**Available data**
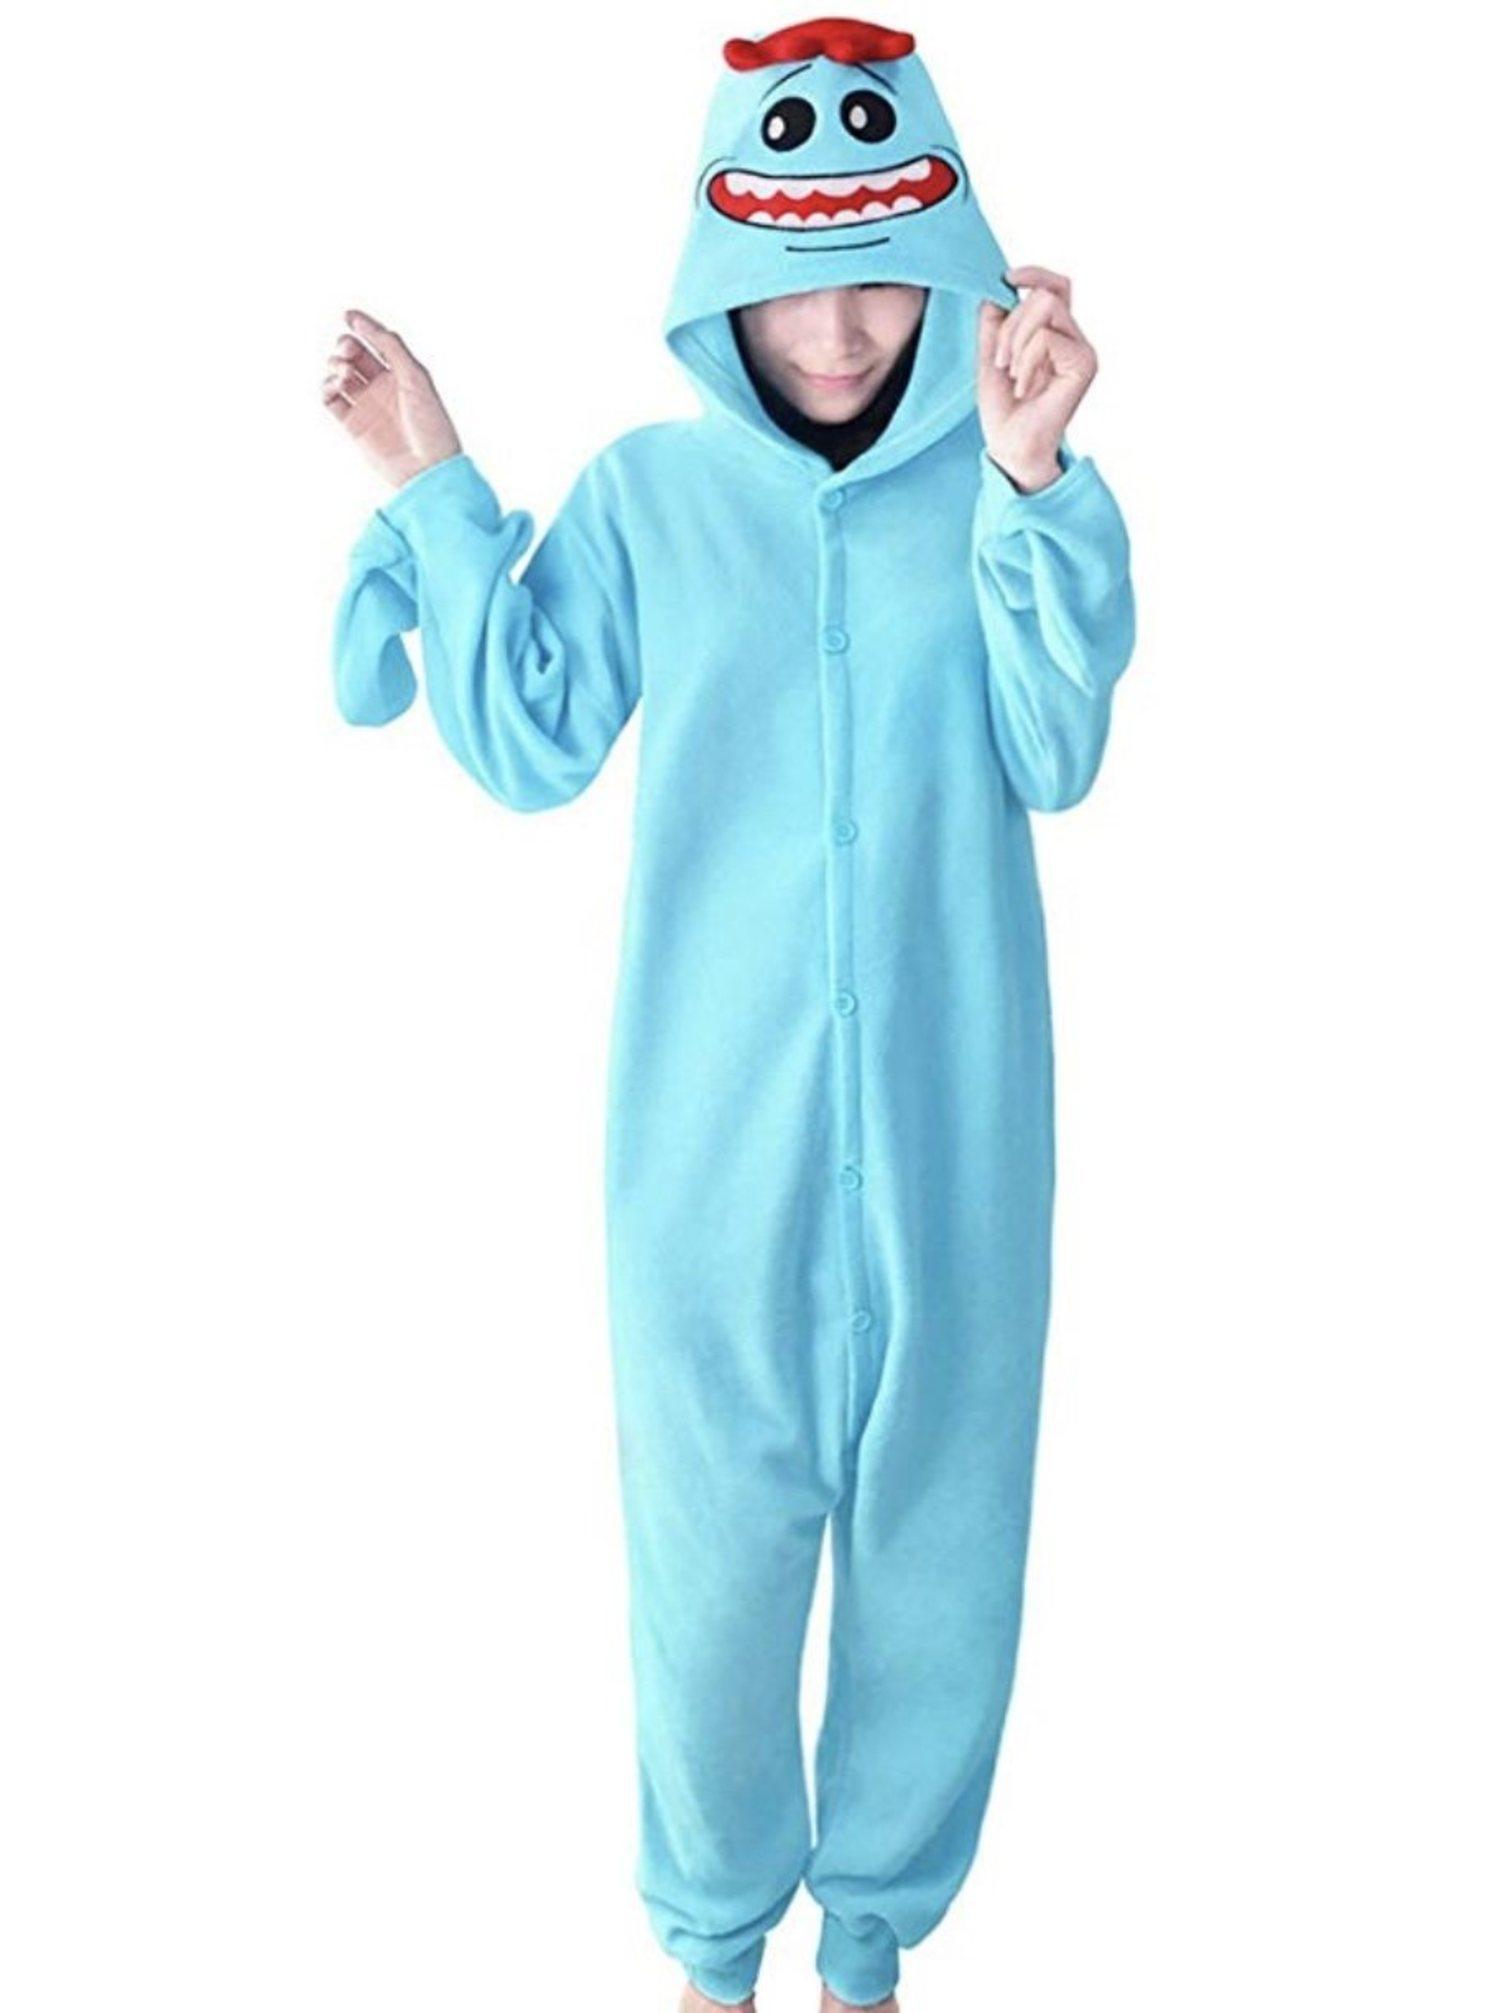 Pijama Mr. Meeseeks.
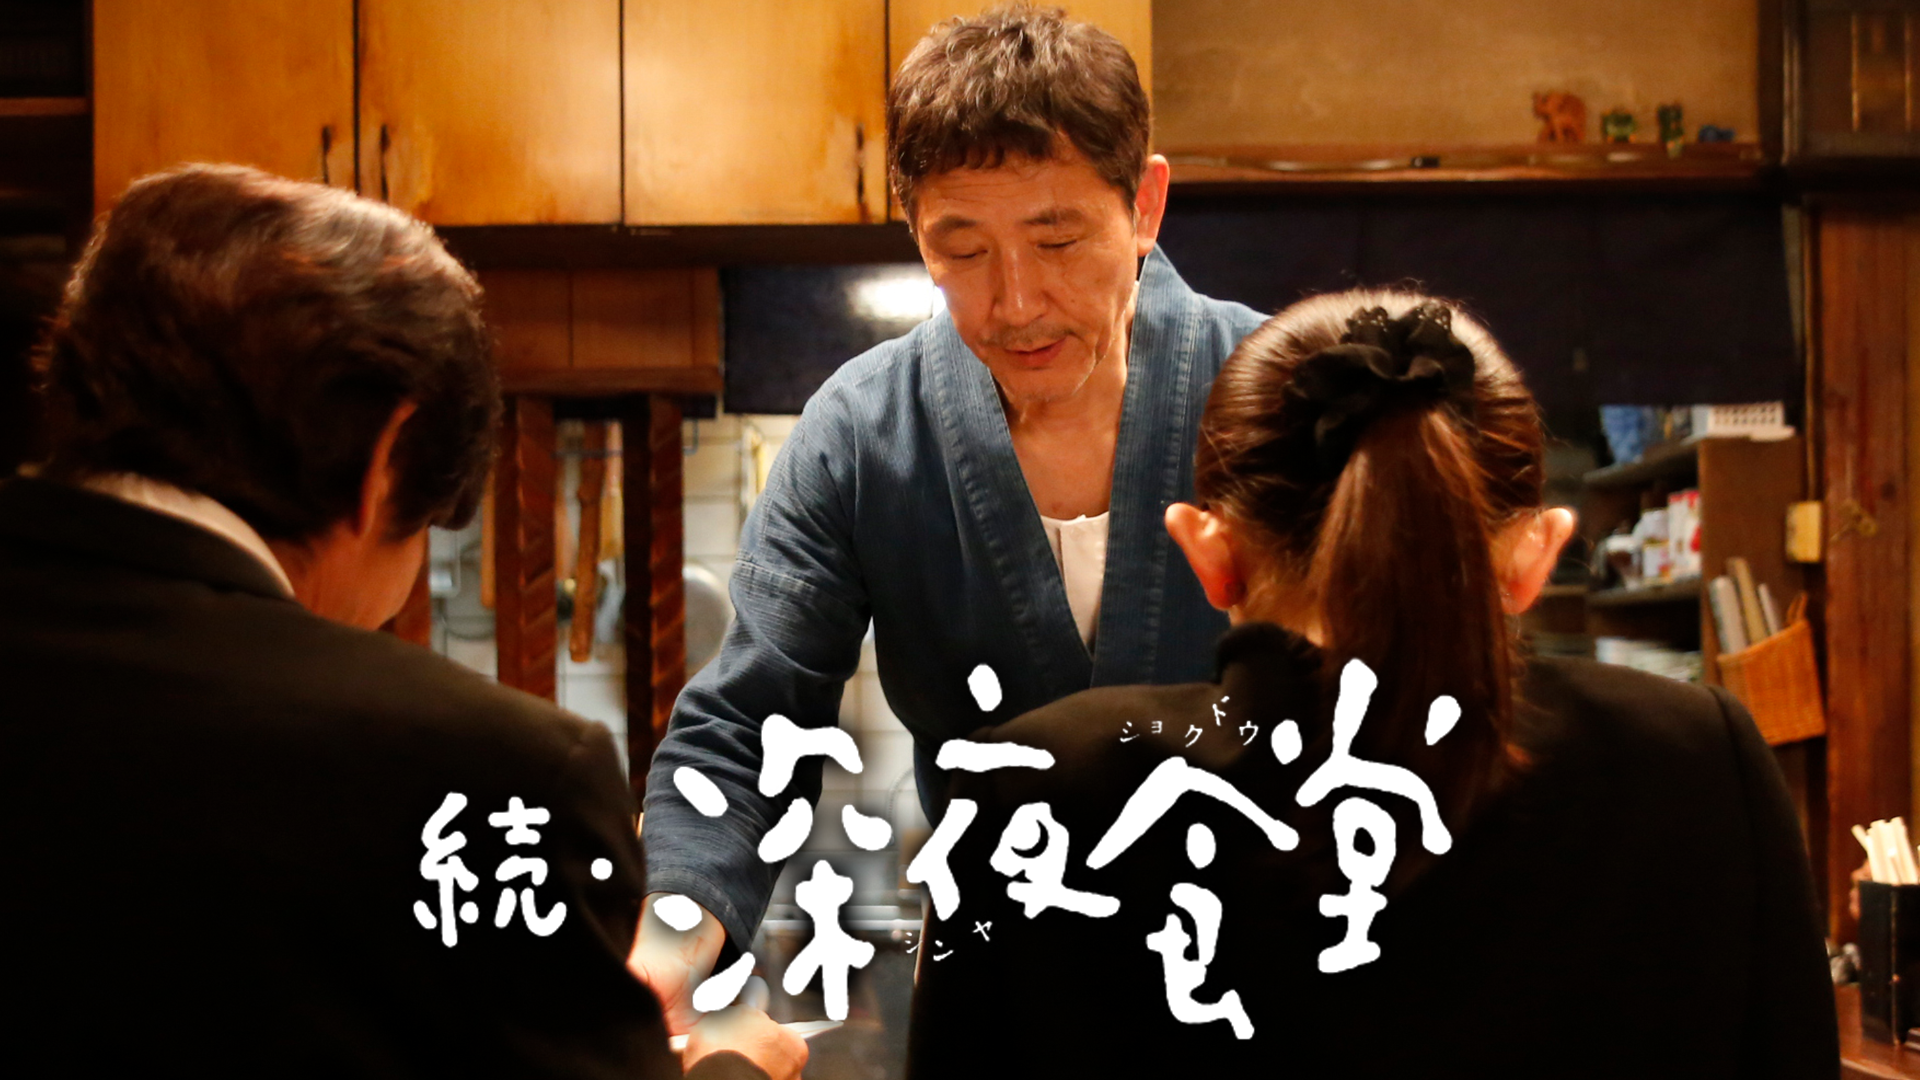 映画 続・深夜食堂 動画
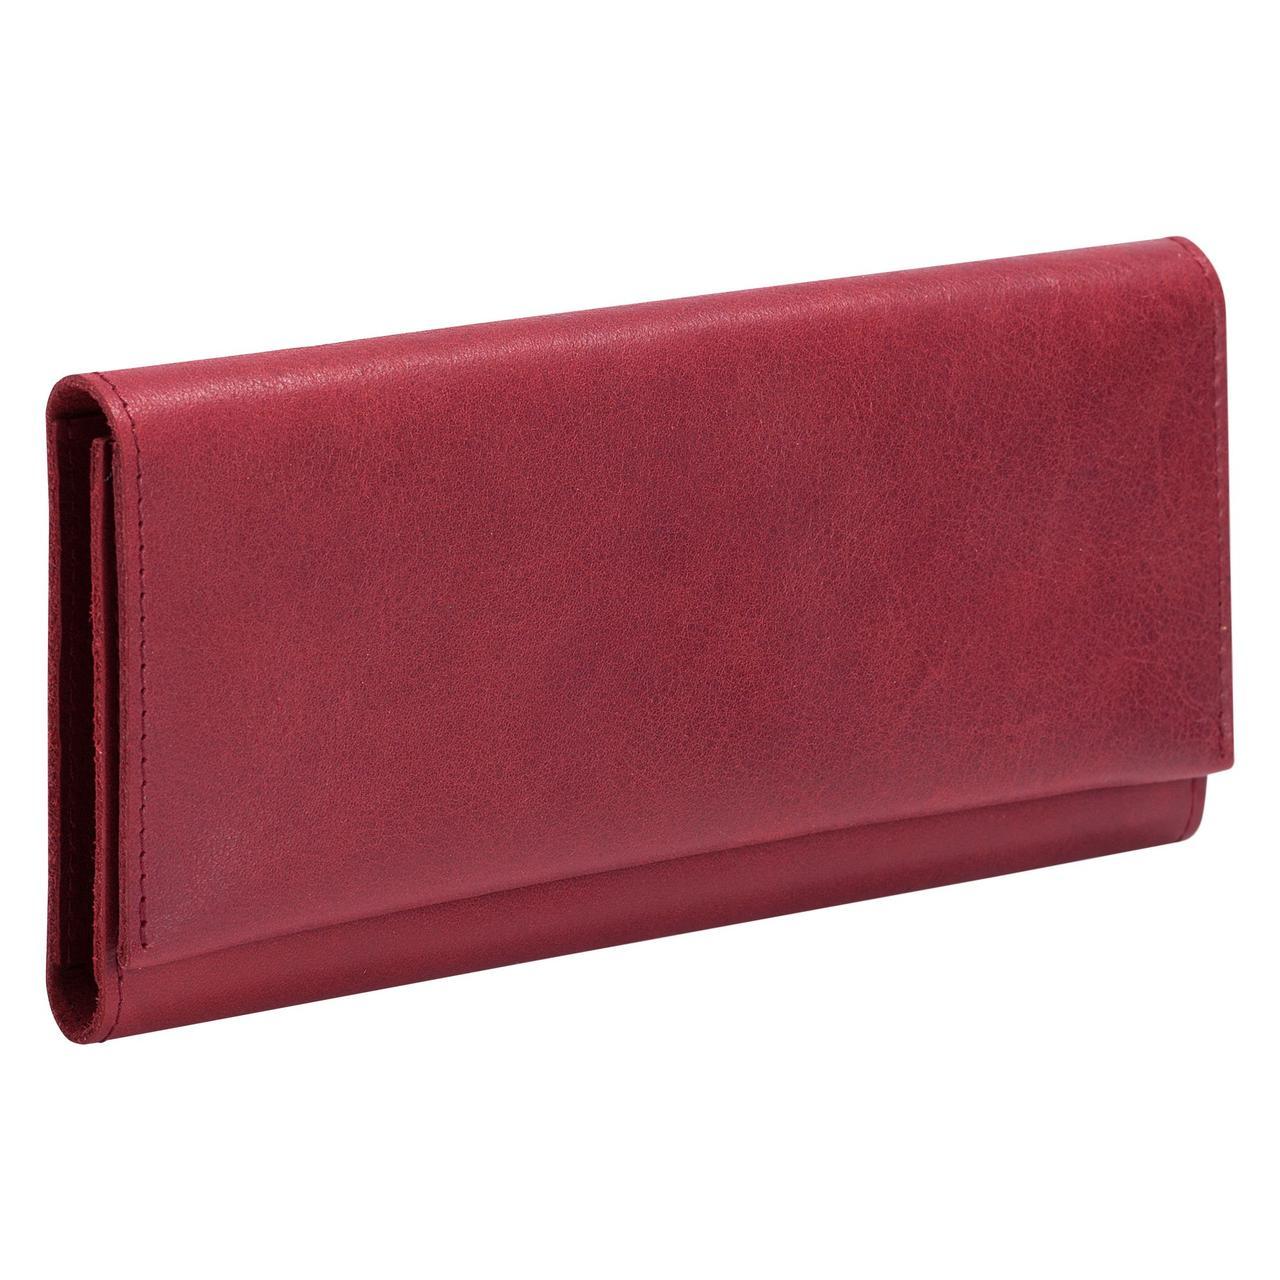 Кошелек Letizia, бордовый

**Task goal**
Print the material verbatim; drop the pictures.

**Response for this exercise**
 Pijama Mr. Meeseeks.
 映画 続・深夜食堂 動画
 Кошелек Letizia, бордовый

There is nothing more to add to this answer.